Befinden wir uns am Zoll, in einer Ausländerbehörde, in einem Passbüro? Irgendwo dazwischen siedeln Florentine Klepper und Martina Segna (Bühne) die Oper an. Dieses Szenario mit der aktuellen Flüchtlingsproblematik zu assoziieren, drängt sich unmittelbar auf. Doch wozu dient der Hellraumprojektor, der sich von Anbeginn rechts in der Ecke des Raumes befindet? In der zweiten Hälfte des Abends lüftet sich dieses Geheimnis: Sextus (Sharon Carty) schreibt „KRIEG“ auf die Folie des Hellraumprojektors, der so den Schriftzug prominent an die Wand bringt, sodass jede/jeder im Zuschauerraum versteht, dass nun Krieg zwischen den Römern und den Ägyptern herrscht. Dieser Regieeinfall mag ja noch sinnfällig zu sein, mal davon abgesehen, dass nicht „GUERRA“ geschrieben steht, obschon alle Figuren auf Italienisch miteinander kommunizieren. Oder soll dies in einer Art Brechtschen Verfremdung eine Botschaft an das Publikum sein? Ach nein, Ptolemäus überschreibt das „KR“ mit einem „S“, woraus schliesslich „SIEG“ wird. Das war der Regiestreich! Es lässt sich an diesem Abend über viele Regieideen streiten. Klepper geht sehr frei mit dem Text um. Es hätte nichts geschadet, zugunsten des Tempos ein paar Da Capos zu streichen. Überhaupt hätte mehr Schwung dem Abend gut getan. Die Inszenierung ist oft zu zähflüssig. Auch die eingeschobene Pantomime zu Beginn des zweiten Teils, in der Verwüstung und Elend in vollem Ausmasse zu Tage treten, hätte gerafft werden können. Sinnstiftend indes sind die Tierkopf-Masken (Alligatoren?), die im Laufe des Abends zunehmend von den Figuren aufgesetzt werden, die sich immer mehr gegenseitig zerfleischen. Sie mögen für den immer tiefer fortschreitenden zivilisatorischen Zerfall stehen.
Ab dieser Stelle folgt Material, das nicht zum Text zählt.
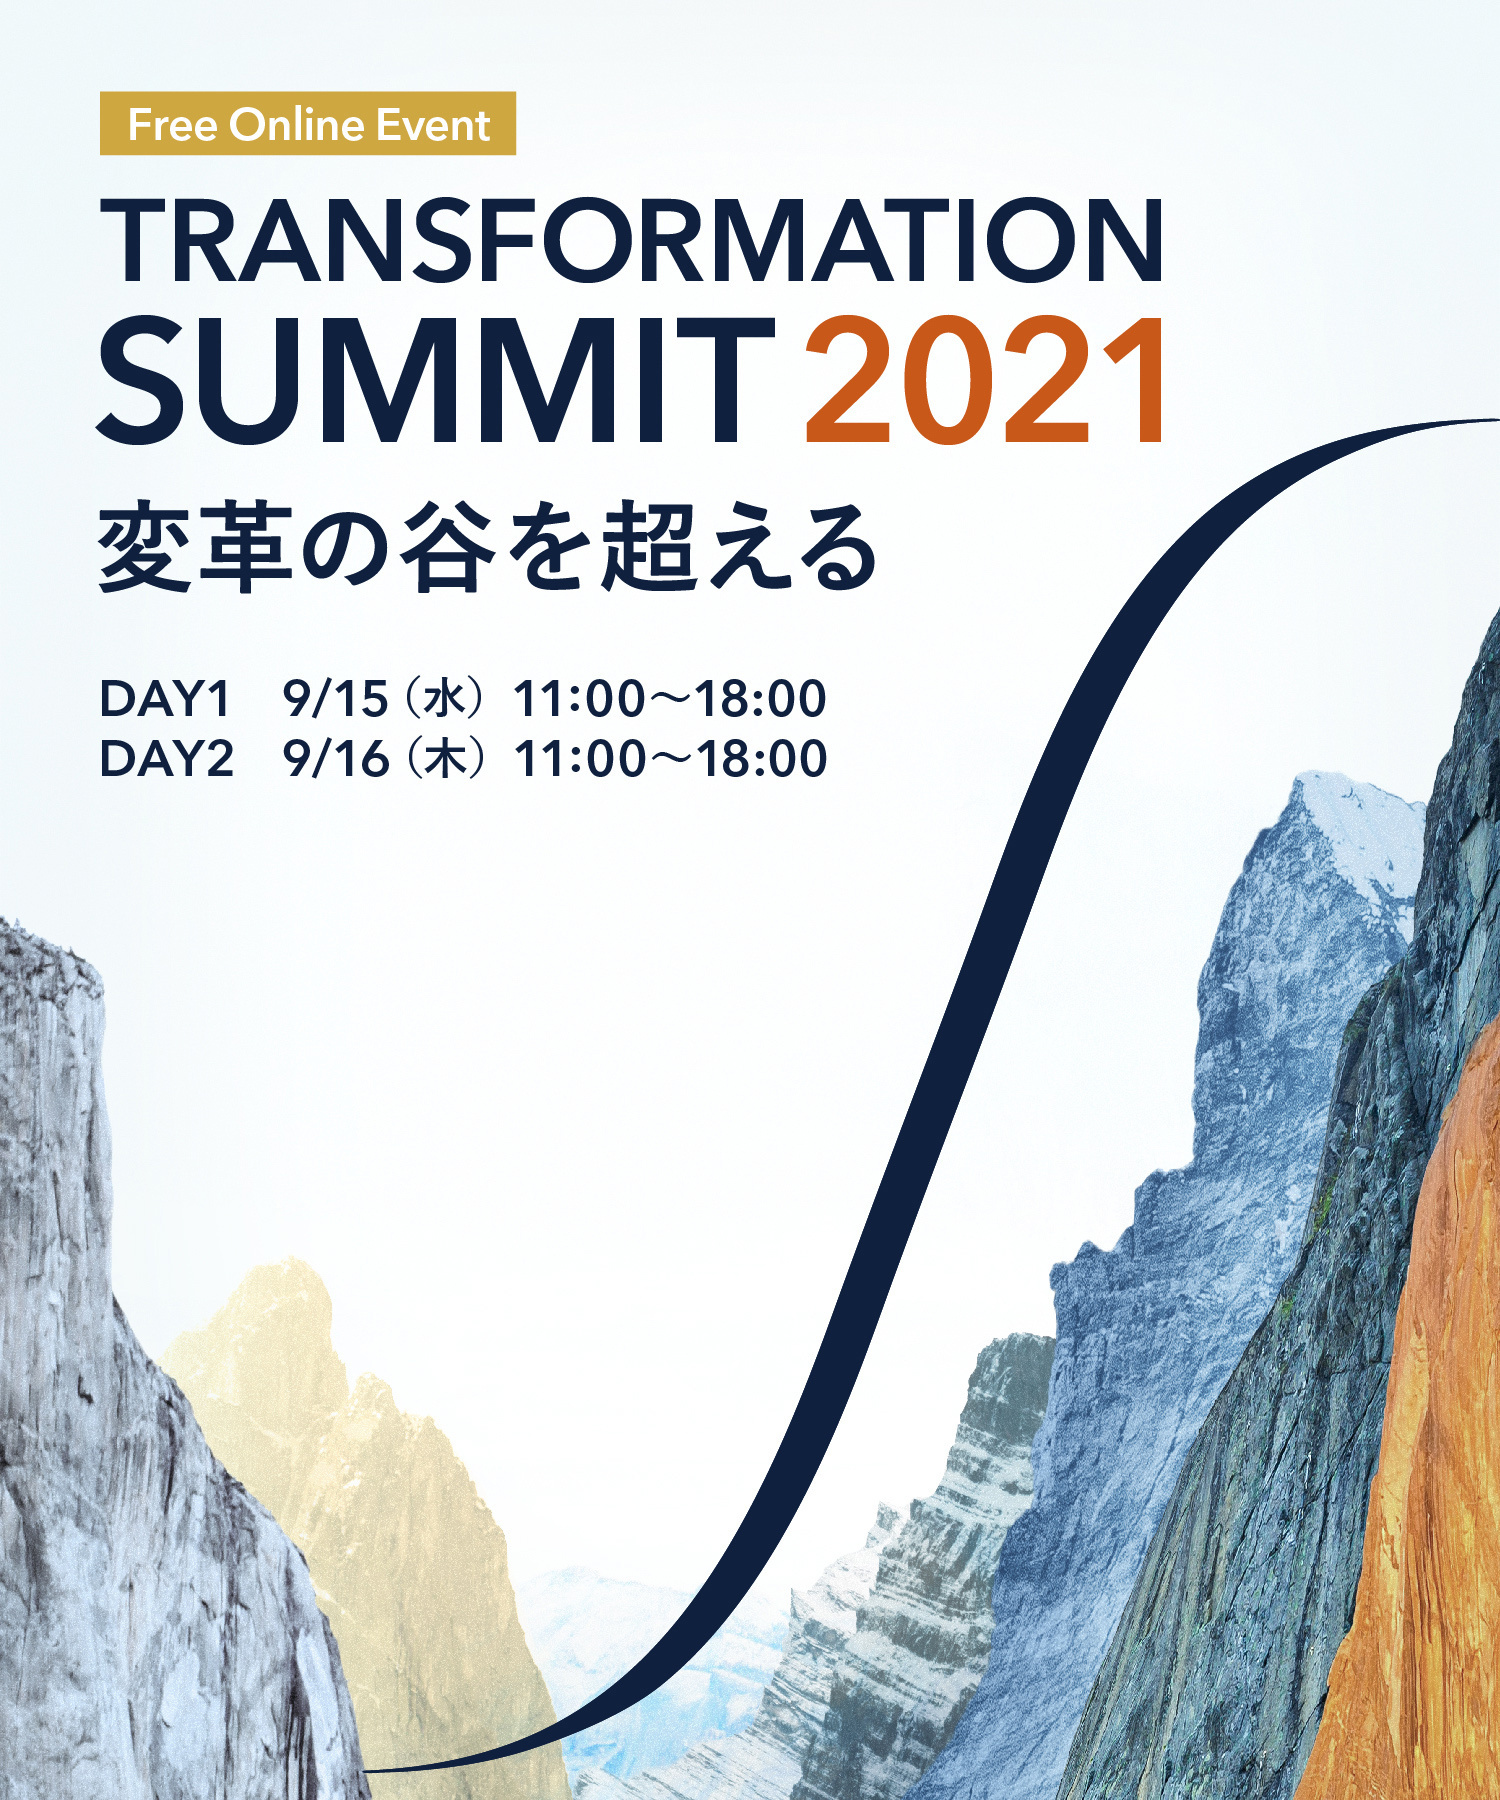 TRANSFORMATION SUMMIT 2021 変革の谷を超える

Gesanglich wird durchwegs eine solide Leistung geboten. Dmitry Egorov in der Titelpartie punktet mit einer beweglichen Counterstimme und einem glaubhaften Spiel. Susana Schnell gibt eine trashige Tussi-Cleopatra im silbernen Glitzerfummel und turbierter Frisur (Kostüme: Adriane Westerbarkey). Ihr zur Seite steht Franziska Gündert als Nirena, die sich ebenso gerne im Glitzerkleid präsentiert. Matthew Shaw verkörpert den hinterhältigen und unsympathischen Ptolemäus, für den alles nur ein Jux zu sein scheint. Er treibt seine Spässe mit Cornelia (Silvia Regazzo), deren Ehemann er auf dem Gewissen hat. Selbst seinen treuen Diener Achillas (Alejandro Lárraga Schleske) führt er kaltblütig hinters Licht. Das Philharmonische Orchester Freiburg unter der Leitung von Egon Mihajlović vermag leider nicht vollständig zu überzeugen. Insbesondere die Blechblasinstrumente haben Intonationsprobleme, die man in den Proben hätte bereinigen müssen.

Nachdem schliesslich der Tyrann Ptolemäus zur Strecke gebracht worden ist, zerbrechen die vorher undurchdringbar gedachten Wände und geben den Blick in gleissendes Licht (die Freiheit?) frei. Kriechend auf allen vieren, schwach und erschöpft verlassen die Überlebenden den Bühnenraum. Der Kreislauf beginnt von Neuem: Eine andere Truppe setzt sich auf die Wartebank hinter der Scheibe, zieht Nummern und betritt den Raum … Die ‚Geschichte‘ wiederholt sich, die Menschheit bleibt gleich.